Apoptosis of leukemia cells induced by CD34+ cells transferred exogenous Fas ligand.
- Author:
Juan XIAO
1
;
Ping ZOU
;
Zhongwen LIU
;
Zhongbo HU
;
Lingbo LIU
Author Information
1. Institute of Hematology, Xiehe Hospital, Tongji Medical College, Huazhong University of Science and Technology, Wuhan 430022.

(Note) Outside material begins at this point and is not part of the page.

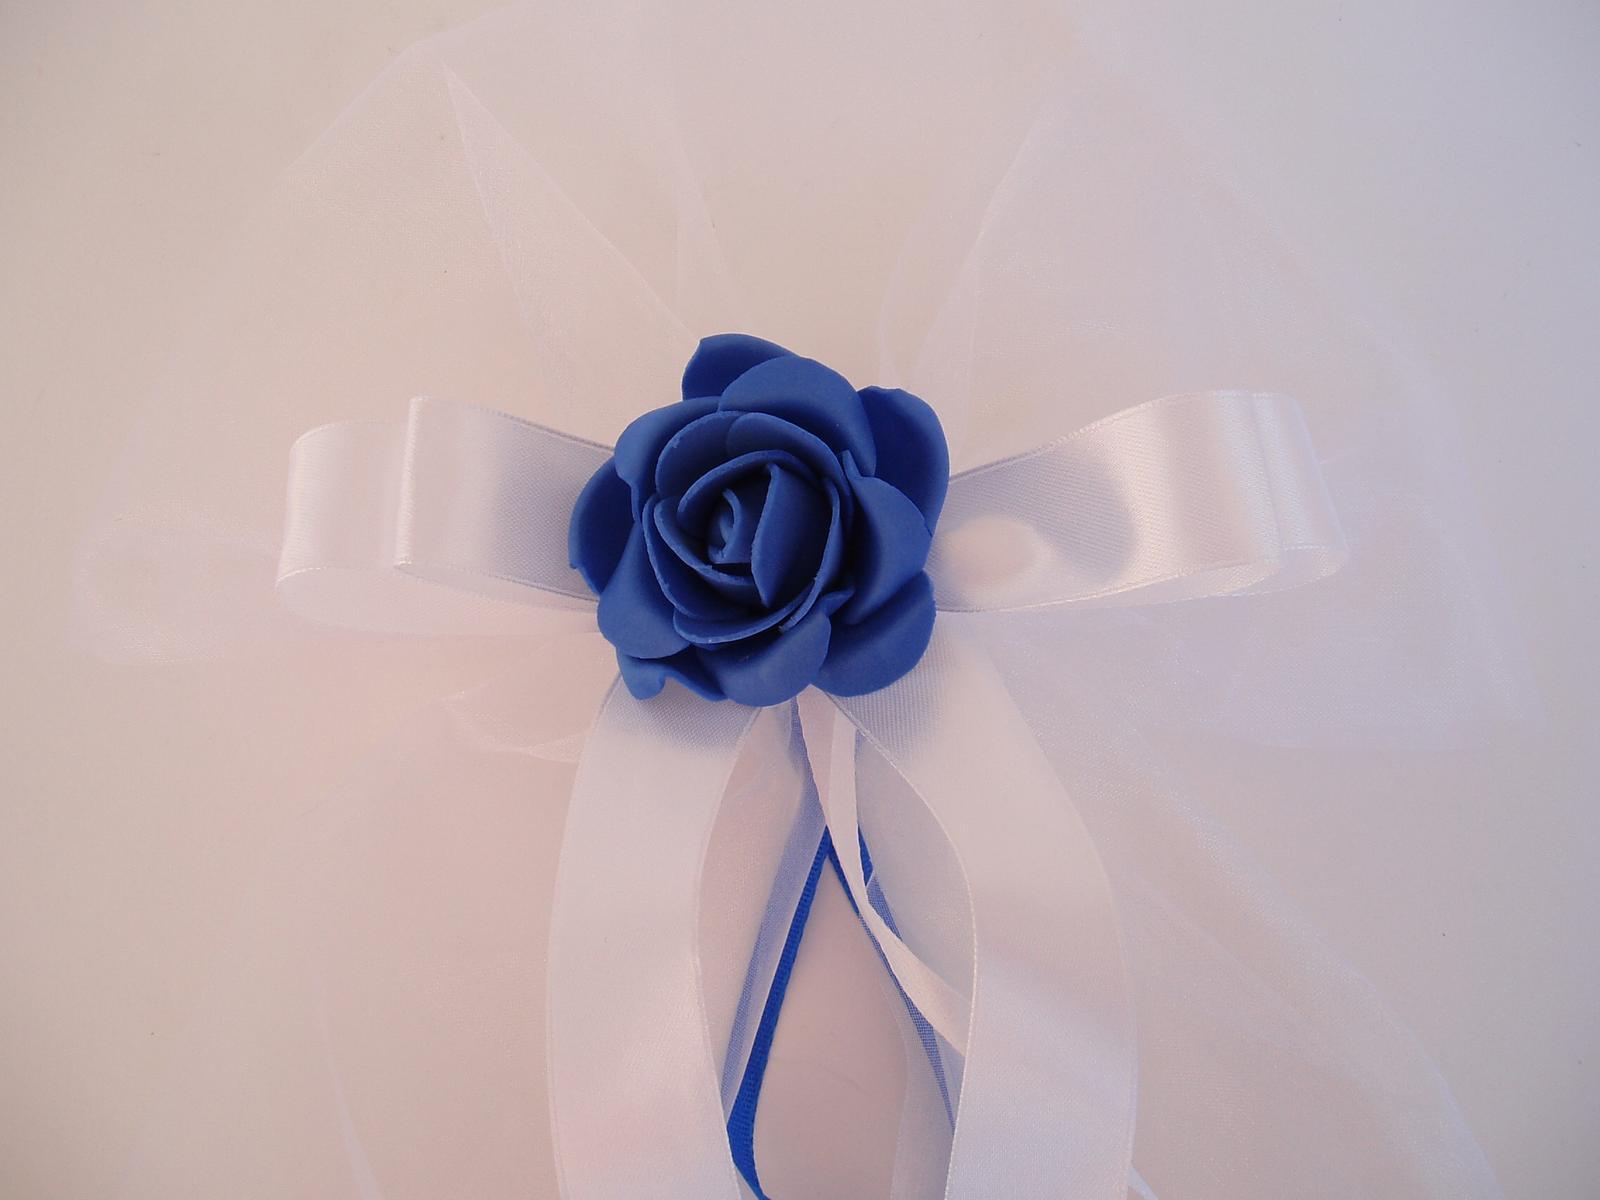 mašle na zrcátka -modrá - Obrázek č. 4

- Publication Type:Journal Article
- MeSH:
Antigens, CD34;
analysis;
Apoptosis;
drug effects;
Cell Communication;
physiology;
Cytarabine;
pharmacology;
DNA, Complementary;
genetics;
Daunorubicin;
pharmacology;
Fas Ligand Protein;
Humans;
Membrane Glycoproteins;
genetics;
Mitomycin;
pharmacology;
Transfection;
U937 Cells;
fas Receptor;
genetics;
metabolism
- From:
Journal of Huazhong University of Science and Technology (Medical Sciences)
2002;22(3):197-199
- CountryChina
- Language:English
-
Abstract:
To assess the value of CD34+ cells transferred exogenous Fas ligand (FasL) in inducing apoptosis of human leukemic cells, the CD34+ cells transfected with FasL or without, pretreated with mitomycin C, was mixed with leukemic cell line U937 cells in presence or absence of daunorubicin (DNR) or cytosine arabinoside (Ara-C). After 18 h, apoptosis of cells was detected by FCM and TUNEL. Induced for 18 h by CD34+ cells transfected with FasL or without, the ratio of apoptosis of U937 cells was (5.0 +/- 1.3)%, (10.8 +/- 0.6)% (P < 0.01), respectively. Induced by FasL+ CD34+ + DNR, FasL+ CD34+ + Ara-C, the ratio was (13.4 +/- 1.0)% (P < 0.05), (17.9 +/- 1.3)% (P < 0.01), respectively. The result demonstrated that CD34+ cells transfected with exogenous FasL could induce apoptosis of human leukemic cells and showed a cytotoxic synergistic effect when used in combination with chemotherapeutic drugs, suggesting that it was possible to develop a new method in treatment of leukemia.